- **GIVEN INFORMATION**
---
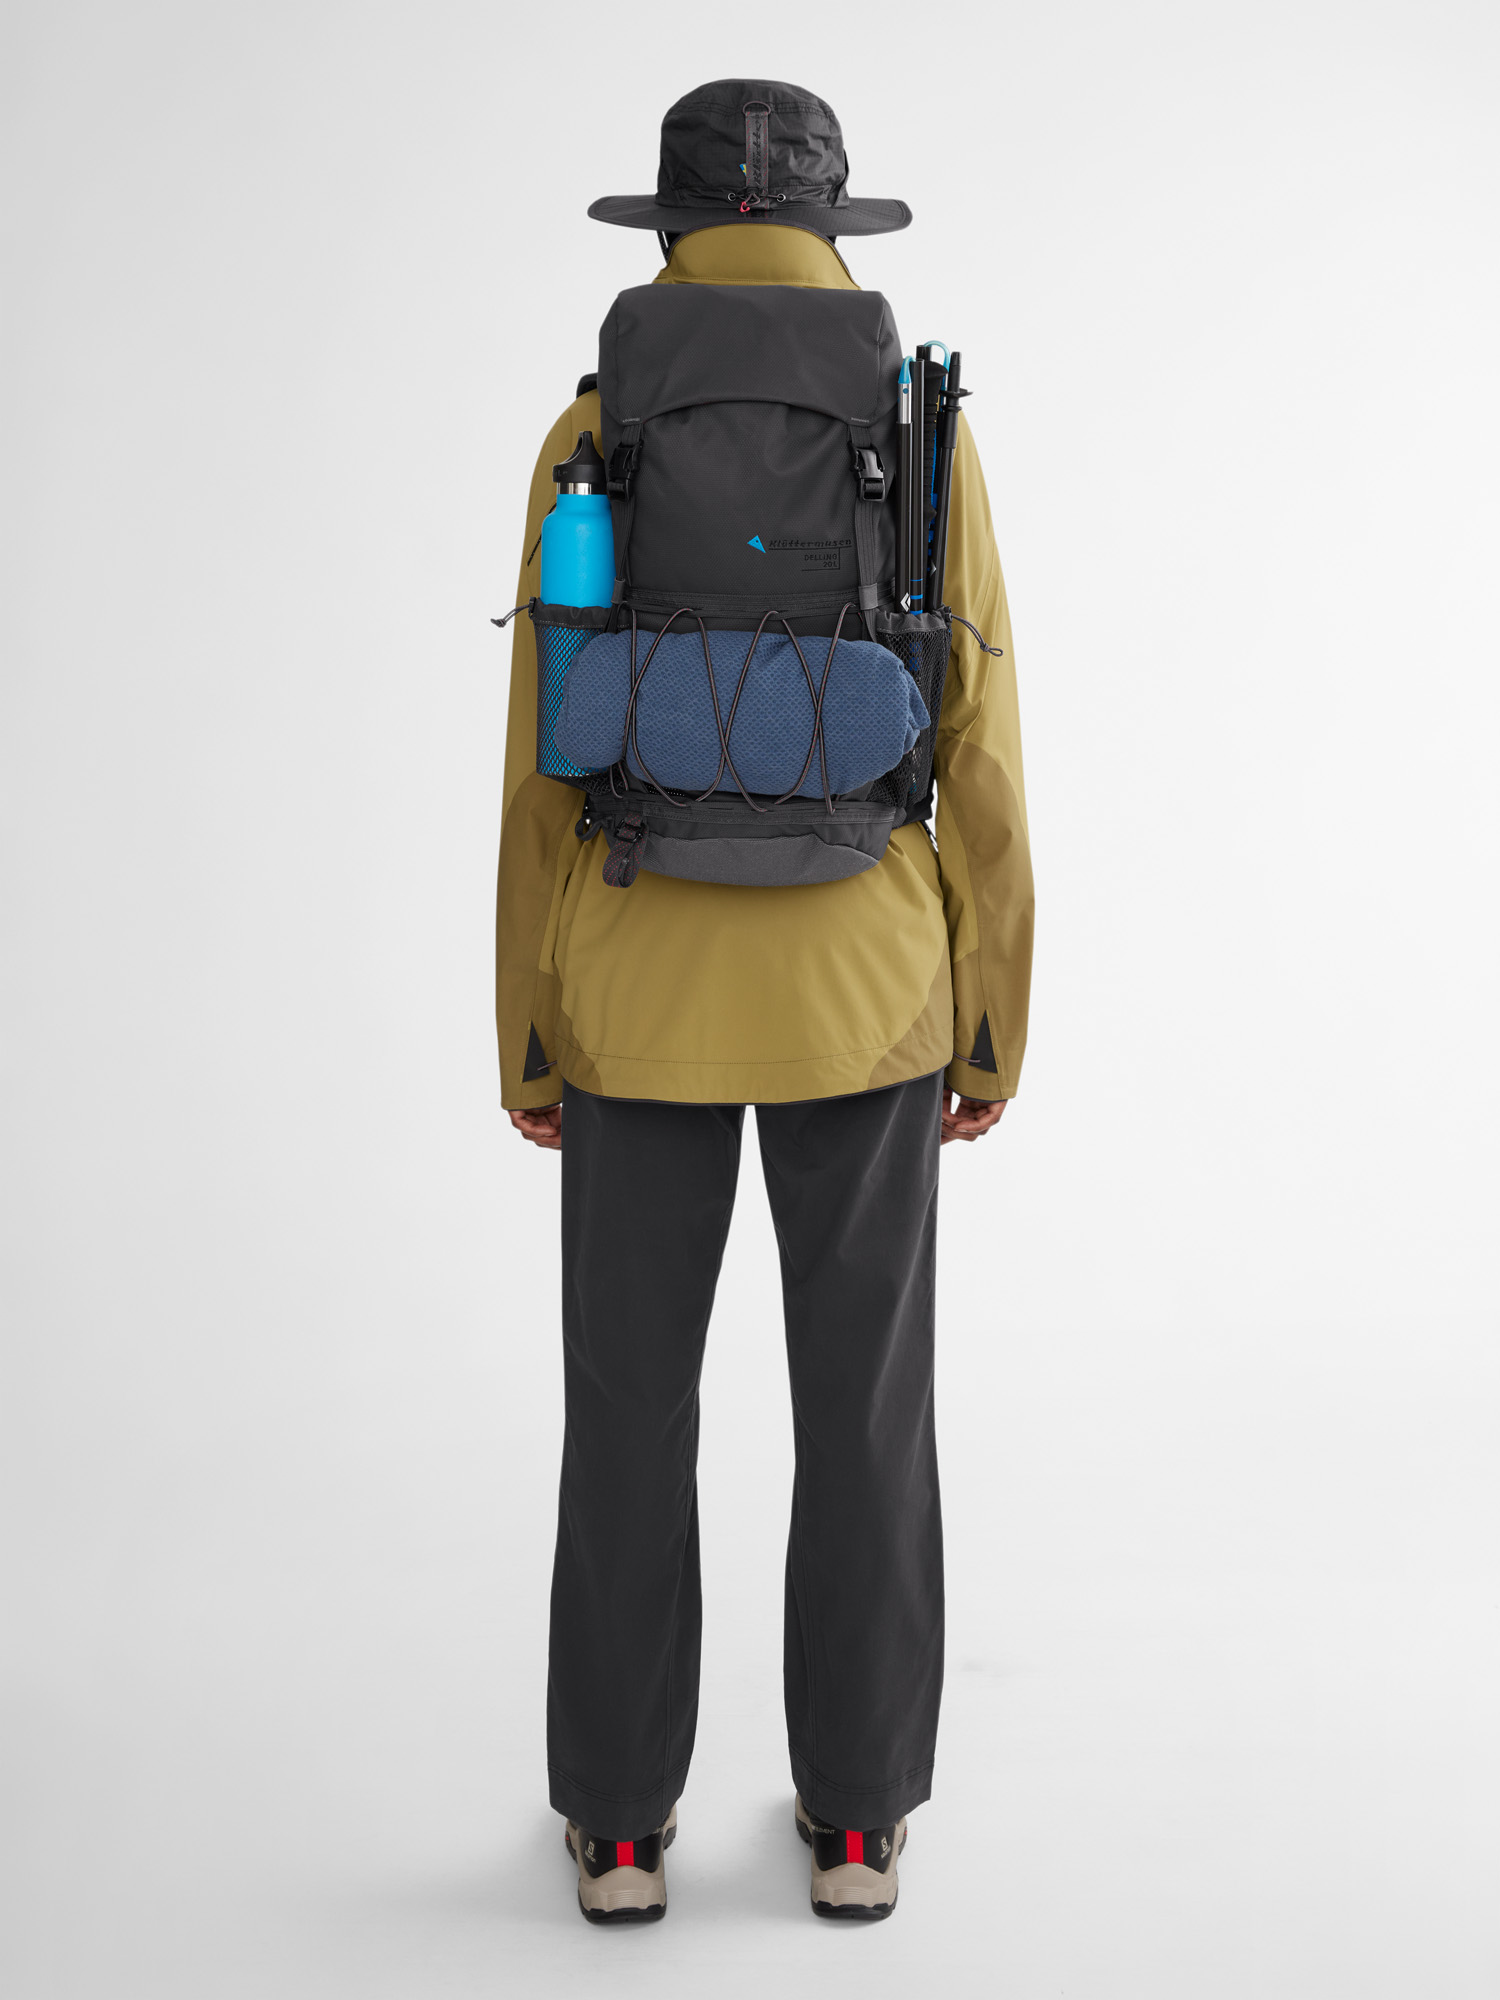 40447U11 - Delling Backpack 30L - Burnt Russet
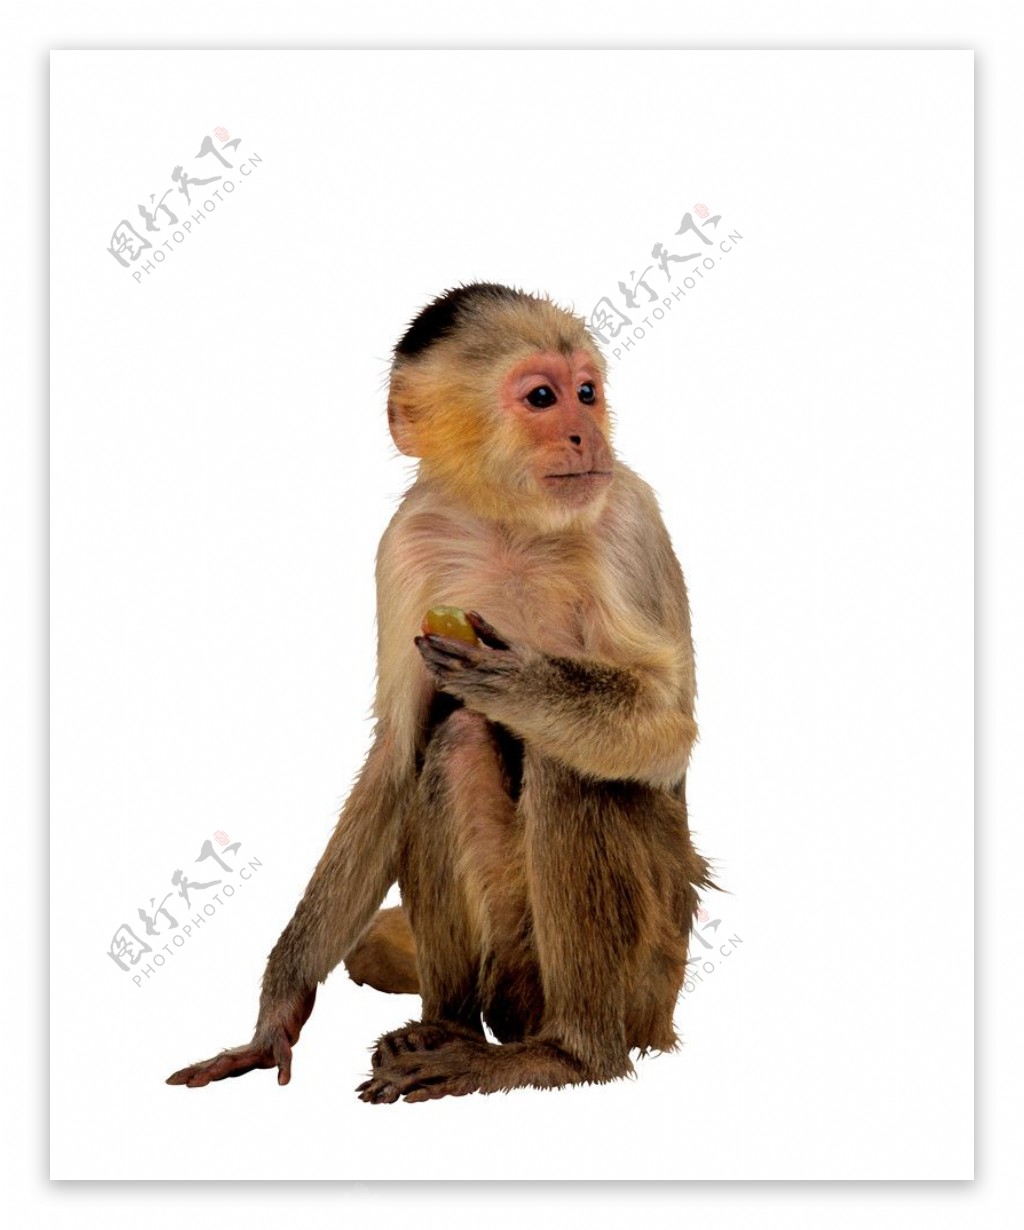 猿科动物图片
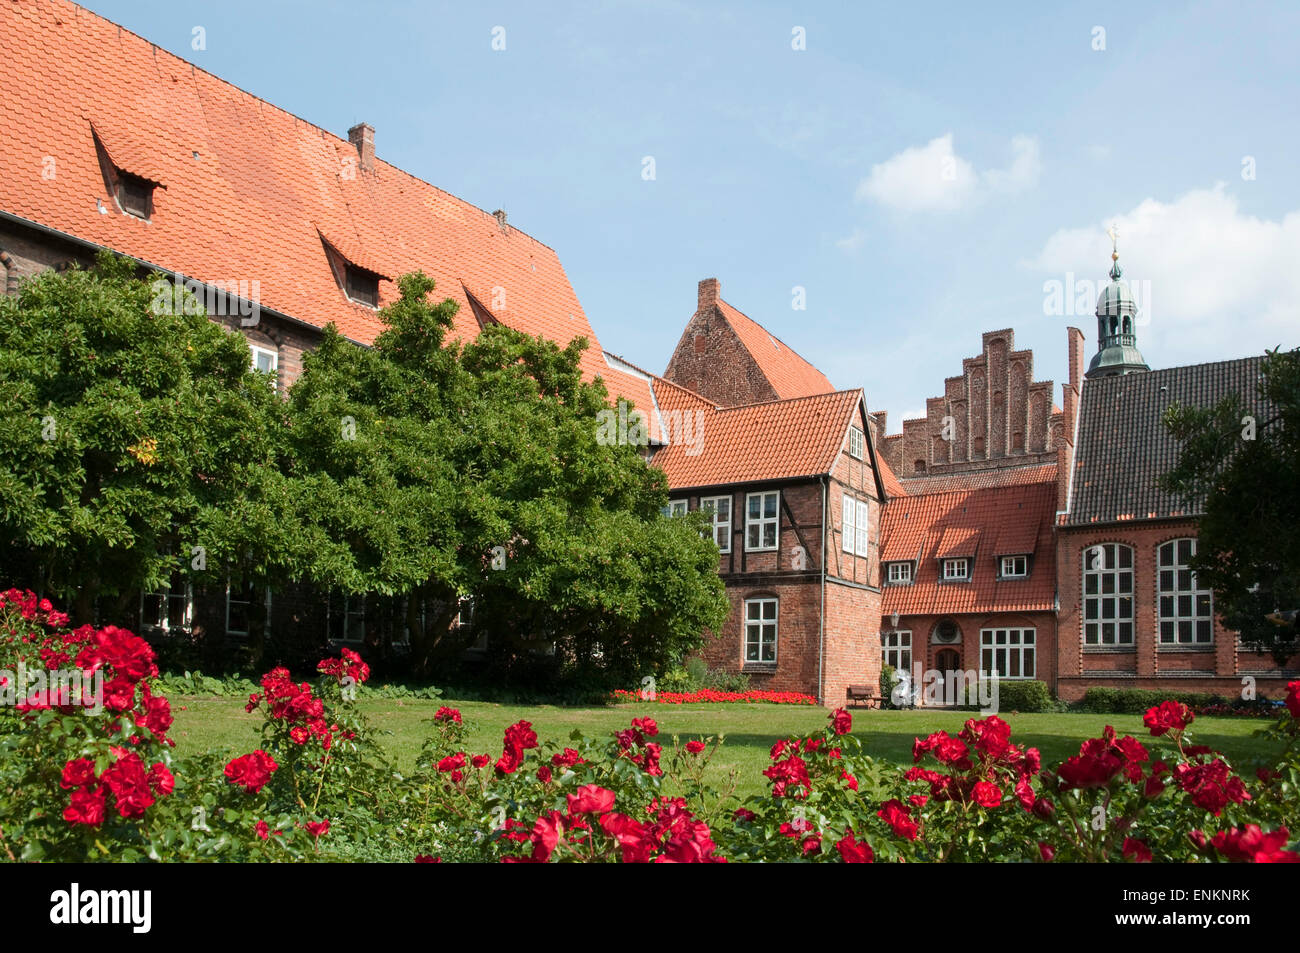 Rathausgarten, Altstadt, Lueneburg, Niedersachsen, Deutschland |  garden of guild hall,  Lueneburg, Lower Saxony, Germany Stock Photo
---
- **TASK REQUIREMENTS**
Return the whole of the material above exactly, with no picture carried over.

- **THE COMPLETED TASK**
 40447U11 - Delling Backpack 30L - Burnt Russet
 猿科动物图片
 Rathausgarten, Altstadt, Lueneburg, Niedersachsen, Deutschland |  garden of guild hall,  Lueneburg, Lower Saxony, Germany Stock Photo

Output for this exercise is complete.